Expand 1/3 (q - 6) using distributive property. (1 Point)
A. -1/3 q+2
B. 1/3 q - 6
C. -1/3 q +6
D. 1/3q - 2
To expand 1/3 (q - 6) using the distributive property, you need to multiply 1/3 by both terms inside the parentheses:
1/3 * q = q/3
1/3 * -6 = -6/3 = -2
Therefore, the expanded form is q/3 - 2, which is equivalent to answer choice D. 1/3q - 2.

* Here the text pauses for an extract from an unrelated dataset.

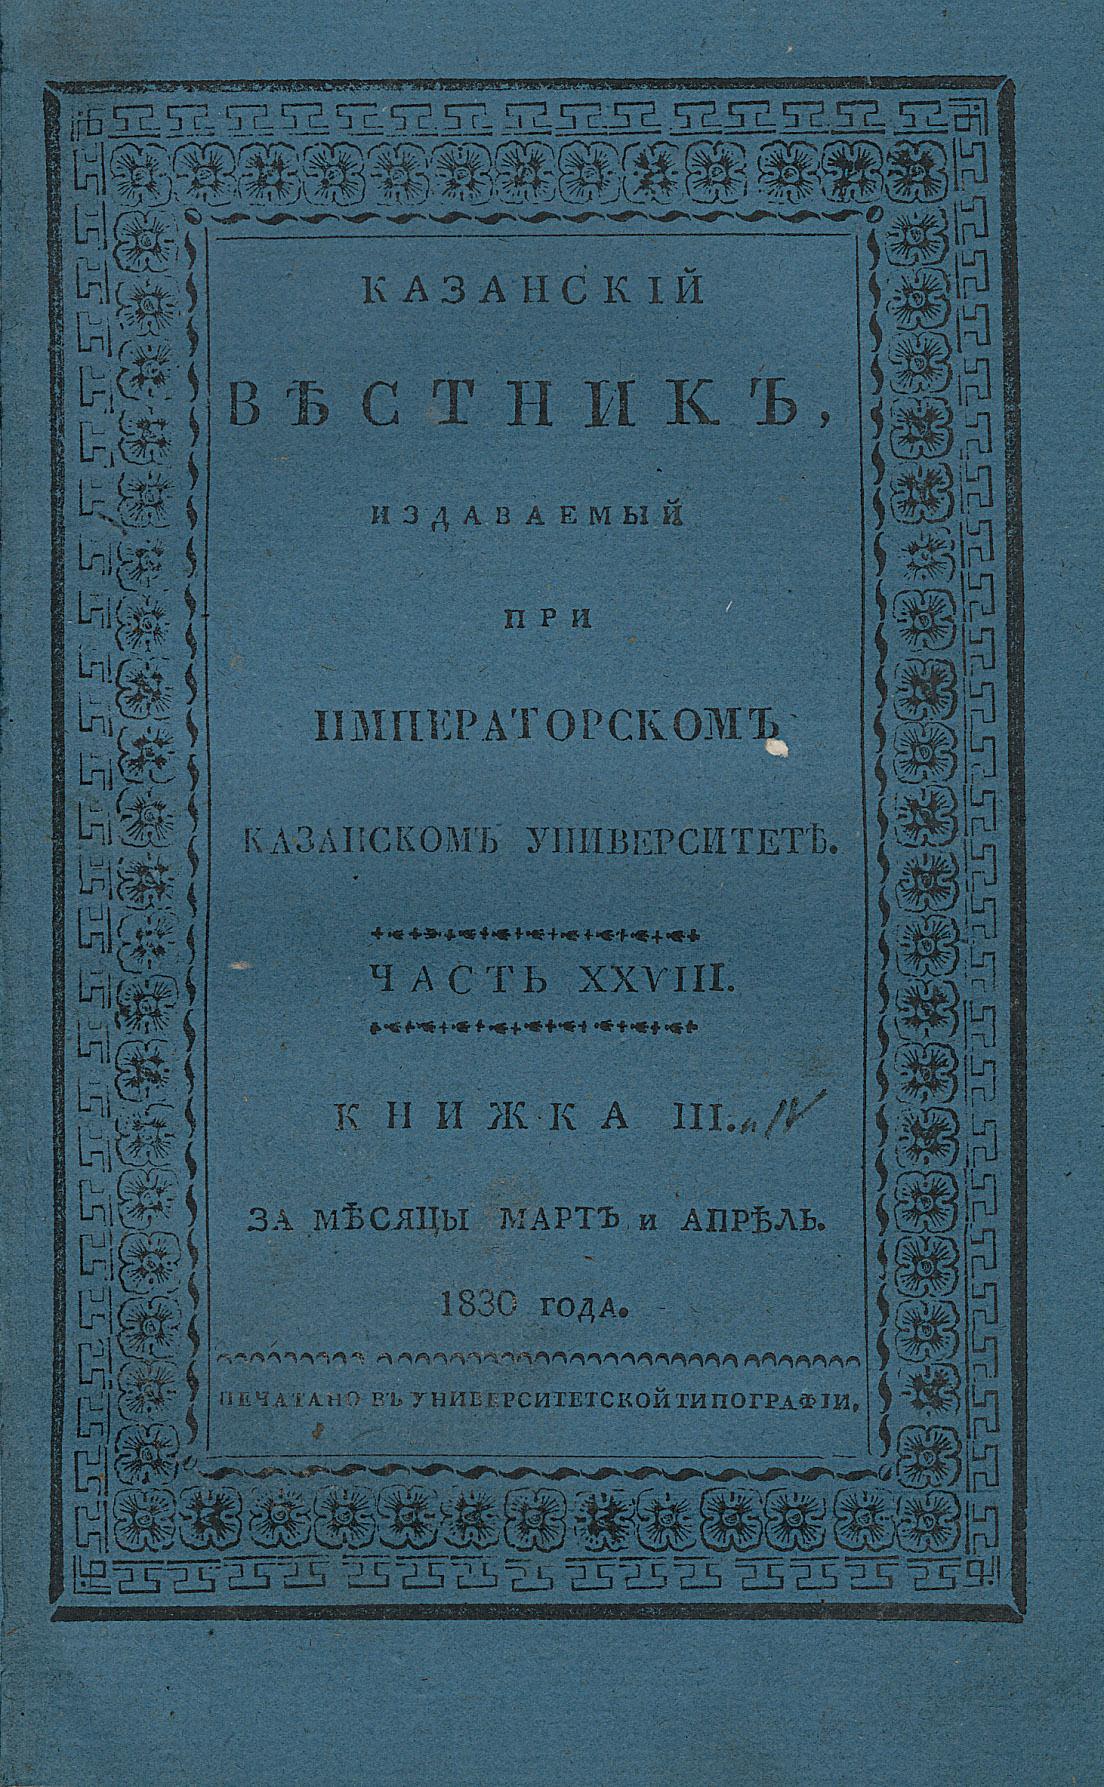 "LOBACHEVSKII, Nicolai Ivanovitch (1793-1856). ""O nachalakh geometrii"" [in Russian: ""On the Principles of Geometry""], in: Kazanskii vestnik, Part XXV (Feb. & Mar. 1829 pp. 178-187), Part XXV (April 1829 pp. 228-241), Part XXVII (Nov. & Dec. 1829 pp. 227-243); Part XXVIII (Mar. & Apr. 1830 pp. 251-283); Part XXVIII (July & Aug. 1830 pp. 571-636). Kazan: University Press, 1829-30."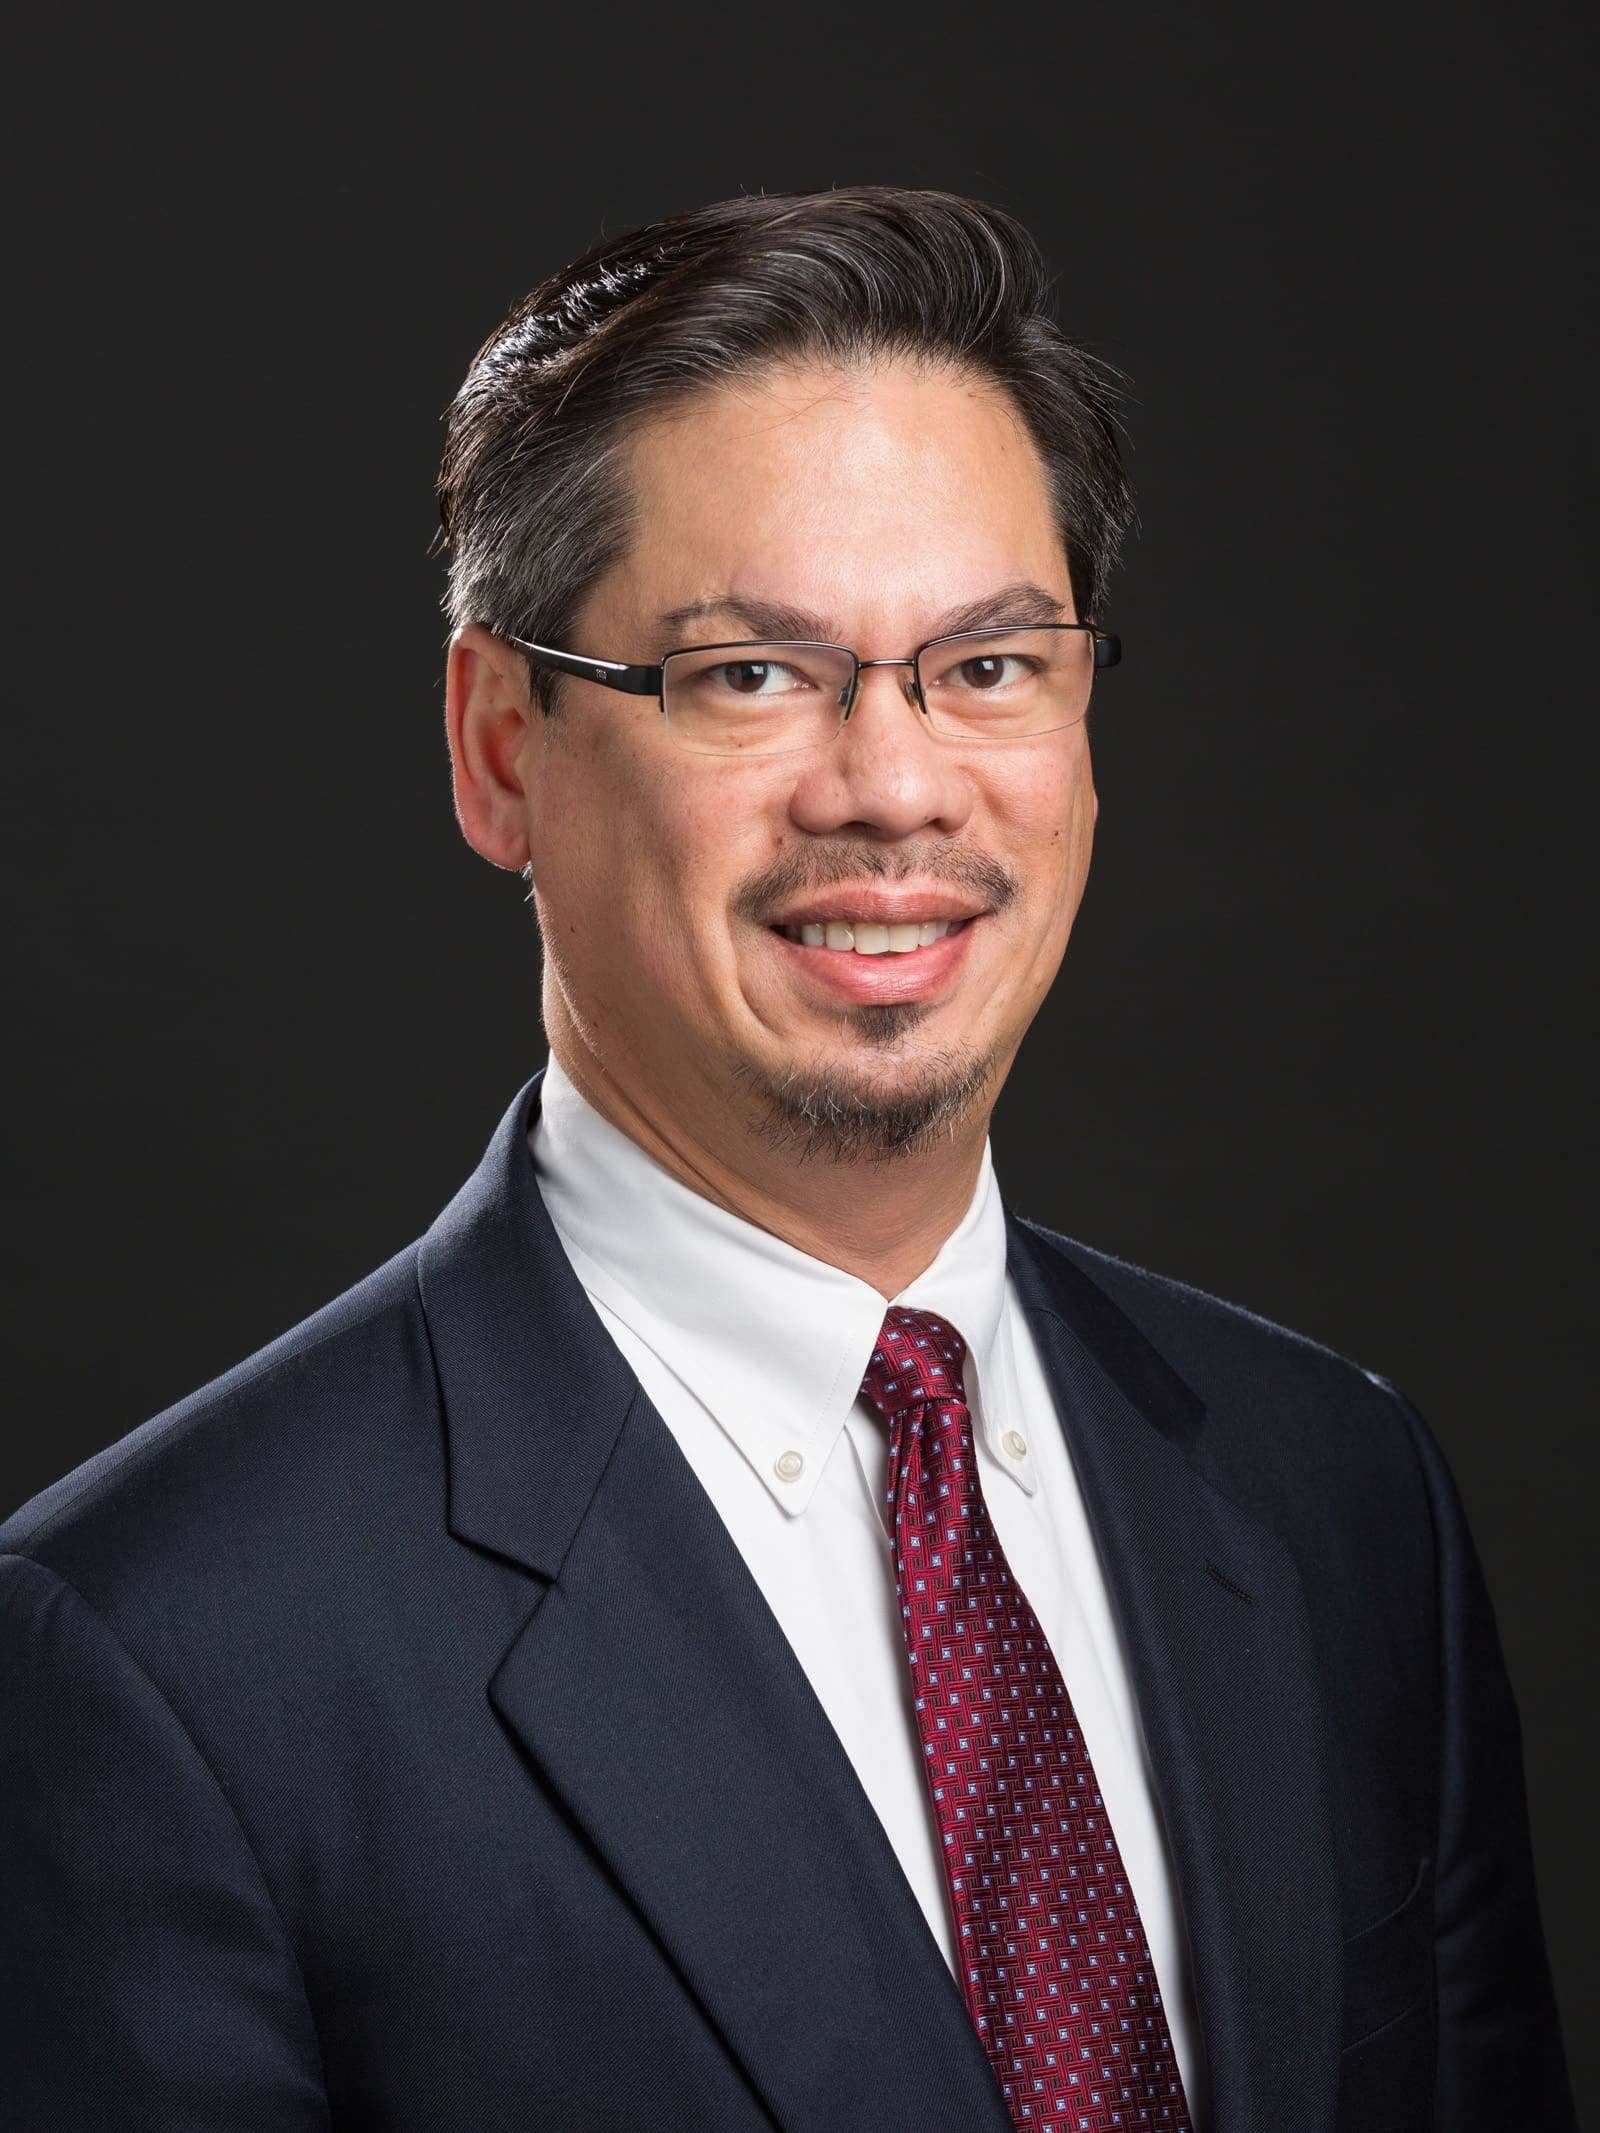 Michael Virata

Expand 2/5 (-5c + 10). (1 point)
A. -2c + 10
B. 2c - 10
C. 2c - 4
D. -2c + 4
To expand 2/5 (-5c + 10) using the distributive property, you need to multiply 2/5 by both terms inside the parentheses:
2/5 * -5c = -10c/5 = -2c
2/5 * 10 = 20/5 = 4
Therefore, the expanded form is -2c + 4, which is equivalent to answer choice D. -2c + 4.
Expand -7/6 (3g + 2). (1 point)
A. 7/2g + 2
B. -7/2g -7/3
C. 7/2g - 7/3
D. -7/2g + 2
To expand -7/6 (3g + 2) using the distributive property, you need to multiply -7/6 by both terms inside the parentheses:
-7/6 * 3g = -21g/6 = -7/2g
-7/6 * 2 = -14/6 = -7/3
Therefore, the expanded form is -7/2g - 7/3, which is equivalent to answer choice B. -7/2g - 7/3.
To expand 1/3(q - 6) using the distributive property, you need to multiply 1/3 by each term inside the parentheses.
1/3 multiplied by q is (1/3)q.
1/3 multiplied by -6 is (1/3)(-6) which simplifies to -2.
Therefore, the expanded form of 1/3(q - 6) is (1/3)q - 2.
The correct answer is option D: 1/3q - 2.
To expand the expression 1/3 (q - 6) using the distributive property, we need to distribute the fraction 1/3 to both terms inside the parentheses.
First, multiply 1/3 by q:
1/3 * q = q/3
Next, multiply 1/3 by -6:
1/3 * -6 = -6/3 = -2
So, 1/3 (q - 6) expands to (q/3) - 2.
Therefore, the correct option is D. 1/3q - 2.